Take for example, a Candidate X1 who has Job 1 KRW% of 70%. Candidate X1 will be classified as a Job 1 Class A candidate. And for Candidate X2 and X3 who have Job1 KRW% of 80% and 90% respectively, they will also be classified as Job 1 Class A candidates.
At the same time, since Candidate X2 has also accumulated Job 2 KRW% of
80%, he is also classified as a Job 2. Class B candidate. But for Candidates X1 and X3, neither of whom accumulated Job 2 KRW% of equal or more than 50% (the passing weightage % for Job 2 Class C), they are not assigned to any classes for Job 2.
The Job-Candidate Classification data is then stored in the JC table per component 3.
Component 3: Job Candidate Classification (JC) Table
The JC table 40 contains all the matched candidates in each job Class A, B and C, referenced by a candidate number (41 ).
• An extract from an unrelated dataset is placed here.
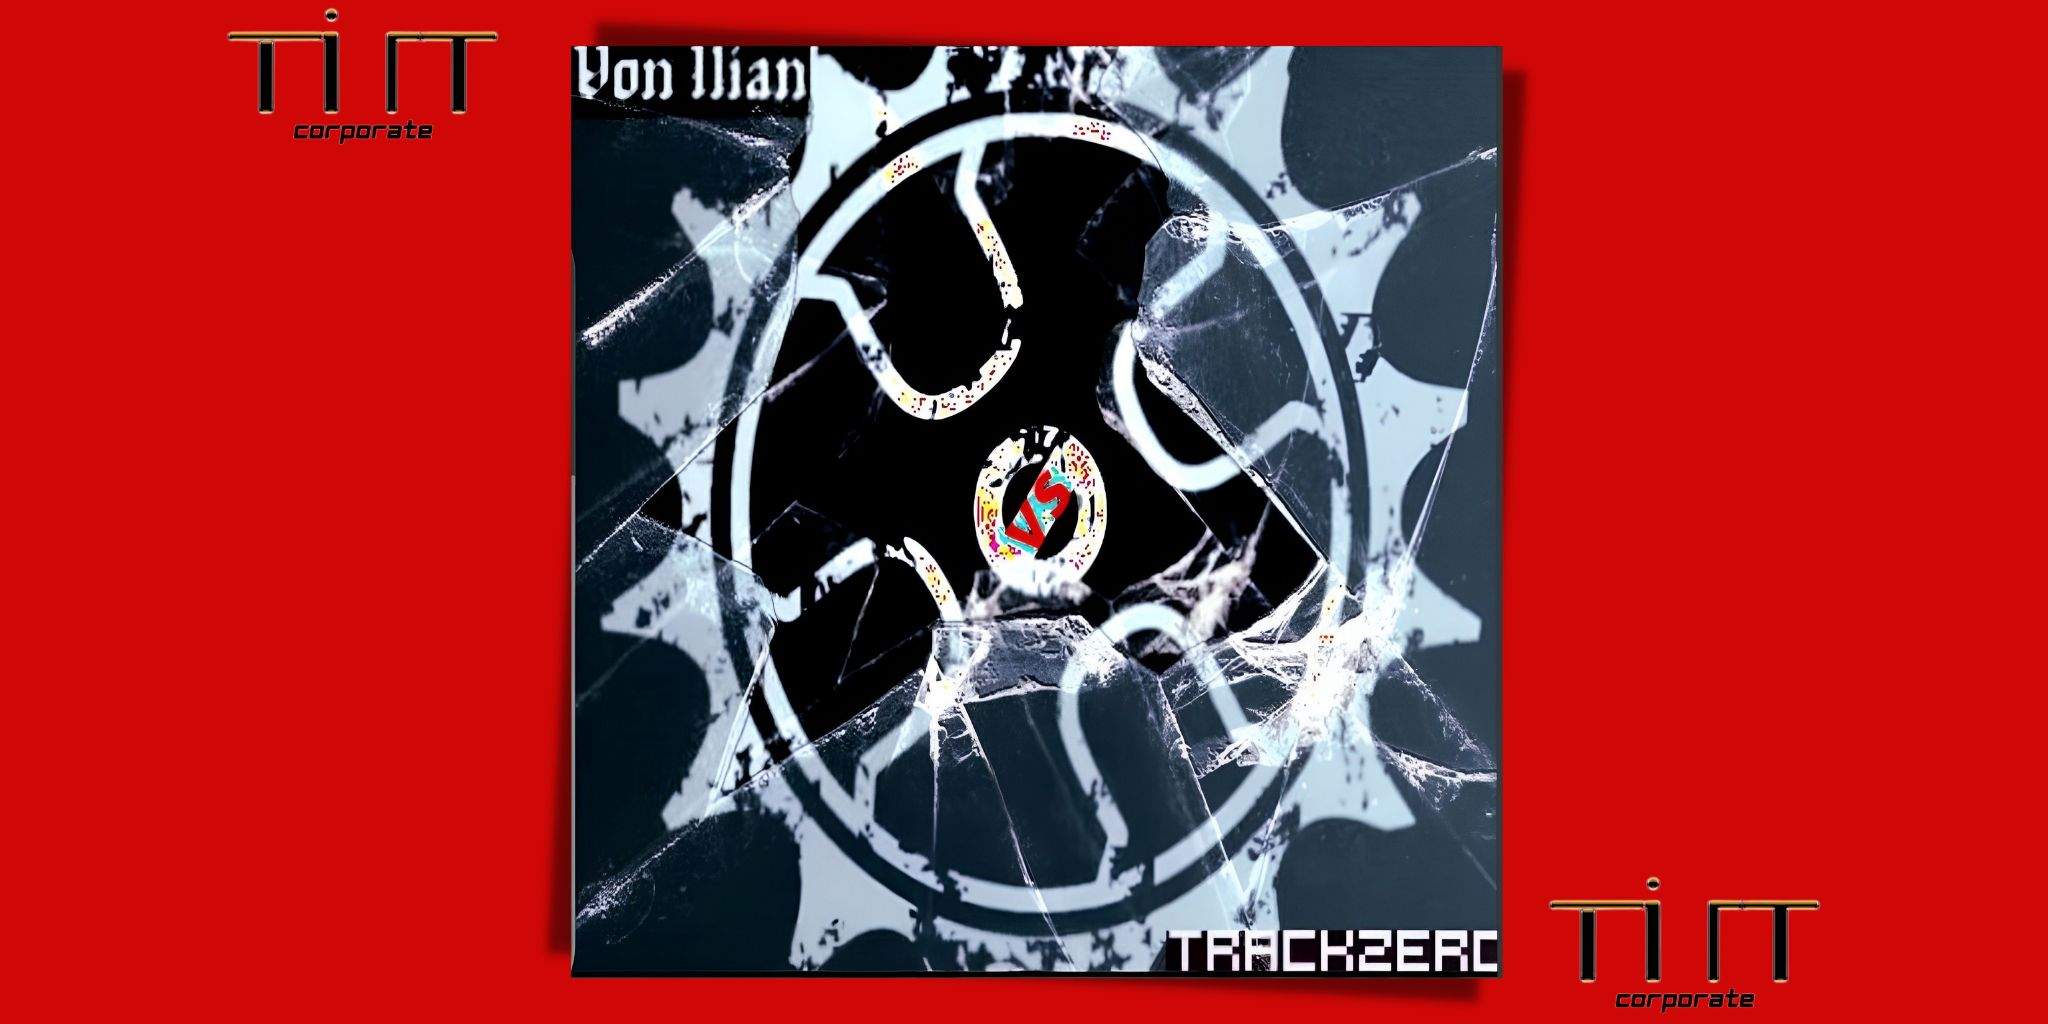 VON ILIAN vs TRACKZERO è il nuovo album di Von Ilian!!

The JC table is the ultimate outcome of the system and will be used to list the candidates in each classification to the recruiters. In the JC table 40 shown in figure 3, the table 40 includes the job number (1 , 2) 42, each class (A, B, C) associated with the job numbers 43, and the list of candidate numbers (e.g. 55, 89, 99 for Job 1 , Class A) associated with the job number and the relevant class 44.
Each candidate can only be classified into at most one class of each job role/function.
The relationship between each candidate to the potential job roles/functions can be 1 to x, where x is an integer and inclusive of 0. This means that a candidate has the potential of holding more than 1 job role type in the system.
Recruiters may choose to further filter from the list provided in the JC table by adding new keywords and their relationships.
In another embodiment, the system may undertake additional profiling to group 'similar' candidates to others, even though those 'similar' candidates may not be identified in the JC table in a traditional job role search. A recruiter may be offered a choice to click on 'Search for Similar Candidates' button if they wish to also view 'similar' candidates to a particular shortlisted/referenced candidate. Similar candidates are defined in the system as those having at least 2 similar roles to a reference candidate identified in a JC table. In one example, a Candidate 55 may fall into class A/B/C for each of Job 1 , Job 2, Job 3, Job 4 and Job 5. A 'similar' candidate 66 may be classified as one that calls into class A B/C for only Job 2, Job 3, Job 4 and Job 5. In the traditional job role search for Job 1 , Candidate 66 would not be identified as they do not have a A, B or C score for Job 1. However, as Candidate 66 appears to have many similar roles to Candidate 55 he/she may still be of interest to a recruiter and so will also be identified to the recruiter if the 'Search for Similar Candidates' button is clicked with referenced to Candidate 55. The sorting ' order will be in the order where similar candidates with the most similar job roles be listed at the top.
The profiling system provides many advantages, including:
1. Intelligently reviewing each registered candidates' resume and classifying the candidate into all the key potential job roles/functions based purely on the suitability to do each job role/function, thereby reducing the time in reviewing resumes and selecting the desired candidates.
2. Eliminating the need for the recruiters to provide the list of keywords and their Boolean relationships, thereby simplifying the search process and criteria.
3. As the candidates have been pre-classified, the system allows for smart, accurate quick profiling of each candidate to the recruiters at the time it is required.
4. Including an additional search function allows recruiters to . further refine their search criteria if they choose to do so over the profiled list of candidates.
Reference throughout this specification to "one embodiment" or "an embodiment" means that a particular feature, structure, or characteristic described in connection with the embodiment is included in at least one embodiment of the present invention. Thus, the appearance of the phrases "in one embodiment" or "in an embodiment" in various places throughout this specification are not necessarily all referring to the same embodiment.
Furthermore, the particular features, structures, or characteristics may be combined in any suitable manner in one or more combinations. It will be appreciated that persons skilled in the art could implement the present invention in different ways to the one described above, and variations may be produced without departing from its spirit and scope.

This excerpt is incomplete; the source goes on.